UnknownValue Integer to represent unknown nucleotides. Choices are integers ≥0and ≤255. Default is0.
ACGTOnlyValue Controls the prohibition of ambiguous nucleotides. Choices aretrueorfalse(默认)。如果ACGTOnlyValueistrue, you can enter only the charactersA,C,G,T, andU.

Output Arguments

SeqInt Nucleotide sequence specified by a row vector of integers.

Description

SeqInt= nt2int(SeqChar)convertsSeqChar, a character vector or string specifying a nucleotide sequence, toSeqInt, a row vector of integers specifying the same nucleotide sequence. For valid codes, see the tableMapping Nucleotide Letter Codes to Integers. Unknown characters (characters not in the table) are mapped to0. Gaps represented with hyphens are mapped to16.

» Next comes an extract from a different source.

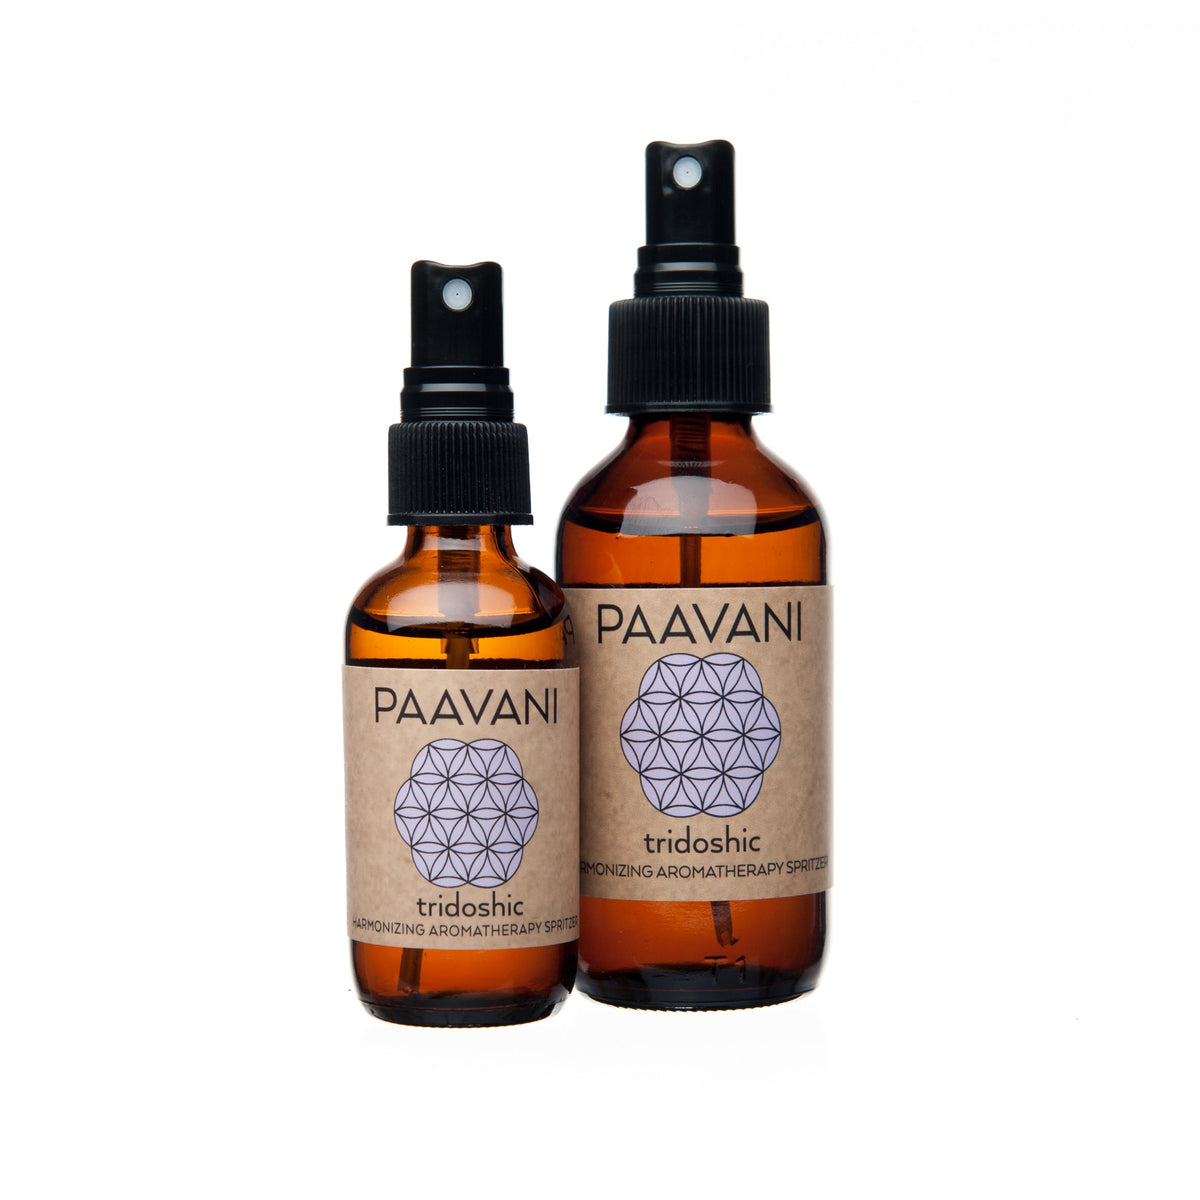 * Paavani Ayurveda - Tridoshic Spritzer with Organic Cedar Atlas, Geranium and Wild Orange, Ayurvedic Aromatherapy -1

SeqInt= nt2int(SeqChar,……”PropertyName',PropertyValue,……)callsnt2intwith optional properties that use property name/property value pairs. You can specify one or more properties in any order. EachPropertyNamemust be enclosed in single quotation marks and is case insensitive. These property name/property value pairs are as follows:

SeqInt= nt2int(SeqChar,……”Unknown',UnknownValue,……)specifies an integer to represent unknown nucleotides.UnknownValuecan be an integer ≥0and ≤255. Default is0.

SeqInt= nt2int(SeqChar,……”ACGTOnly',ACGTOnlyValue,……)controls the prohibition of ambiguous nucleotides (N,R,Y,K,M,S,W,B,D,H, andV). Choices aretrueorfalse(默认)。如果ACGTOnlyValueistrue, you can enter only the charactersA,C,G,T, andU.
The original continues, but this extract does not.